Cash App founder Bob Lee murder suspect pleads not guilty
Nima Momeni, a fellow tech executive, entered the plea in a San Francisco court.
The suspect in the murder of Cash App founder Bob Lee pleaded not guilty in a San Francisco court on Thursday.
Nima Momeni, a fellow tech executive, has been accused of killing Lee last month with a kitchen knife after driving him to a secluded area.
The judge ordered Momeni to be held without bail.
Paula Canny, the defense attorney for Momeni, said after the hearing that Lee's death arose from a mix of self-defense and accidental harm.
"There was no premeditation," Canny said.
Rejecting that account, San Francisco District Attorney Brooke Jenkins said Momeni intended to kill Lee.
"We believe this was an intentional killing," Jenkins said. "Mr. Momeni's DNA is on the handle of that knife."
Jenkins said that Momeni poses a flight risk because he is a person of means and "anyone that's capable of violently killing someone is a public safety risk."
Momeni, 38, appears to be the owner of an Emeryville, California-based company called Expand IT.
Lee, an executive at cryptocurrency firm MobileCoin, was killed in the early morning hours on April 4 in the San Francisco neighborhood of Rincon Hill, the San Francisco Police Department said last month.
During the previous afternoon, Lee spent time with Momeni's sister and a witness, who identified him or herself as a close friend of Lee, prosecutors said. Prosecutors have not named the witness.
Later in the day, at Lee's hotel room, he had a conversation with Momeni in which he asked Lee about whether his sister was "doing drugs or anything inappropriate," the witness told the police, according to the document.
Lee reassured Momeni that nothing inappropriate had taken place, the witness said to police.

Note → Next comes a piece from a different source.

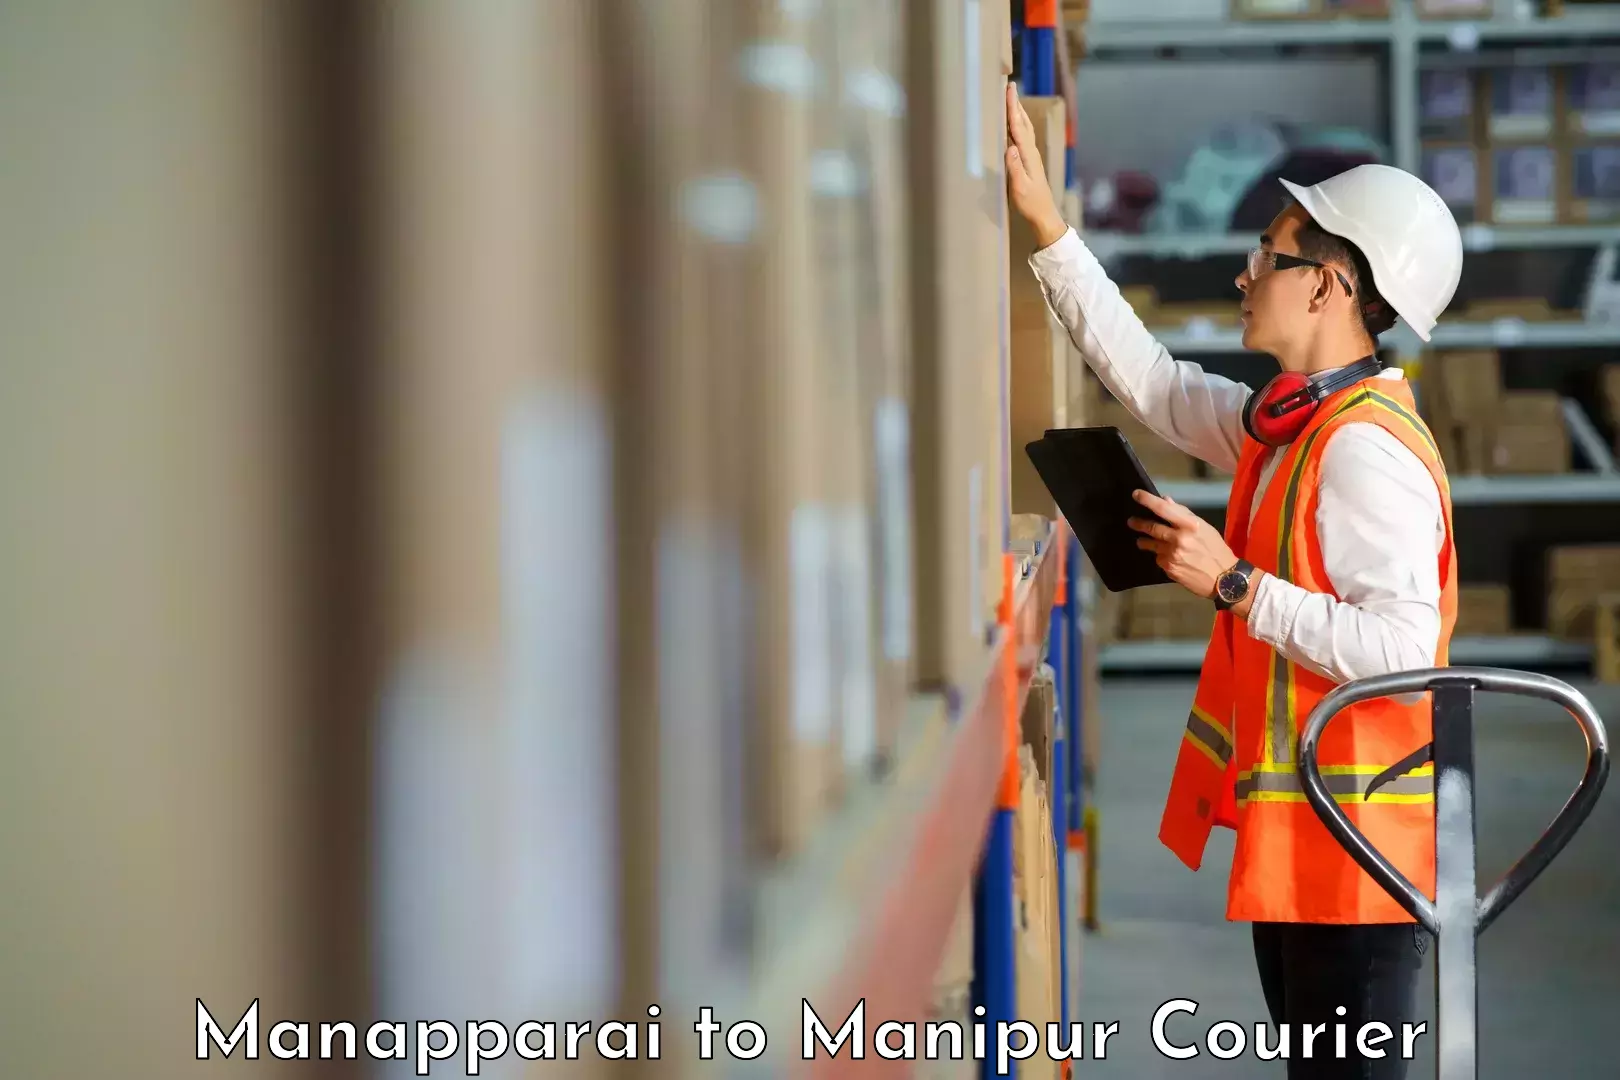 Reliable logistics providers Manapparai to Kanti

Early the following morning, at about 2 a.m., camera footage showed Lee and Momeni leaving Lee's hotel and getting into Momeni's car, a BMW Z4, prosecutors said.
Video showed the BMW drive to a secluded and dark area where the two men got out of the car. Momeni "moved toward" Lee and the BMW drove away from the scene at high speed, according to the court document.
Police later found a roughly 4-inch blade at the scene that appeared to have blood on it, the document said.
The doctor who conducted the autopsy found that Lee had been stabbed three times, including one strike that penetrated his heart, the document said.
London Breed, the mayor of San Francisco, said in a statement to ABC News last month that Lee's death marks a "horrible tragedy."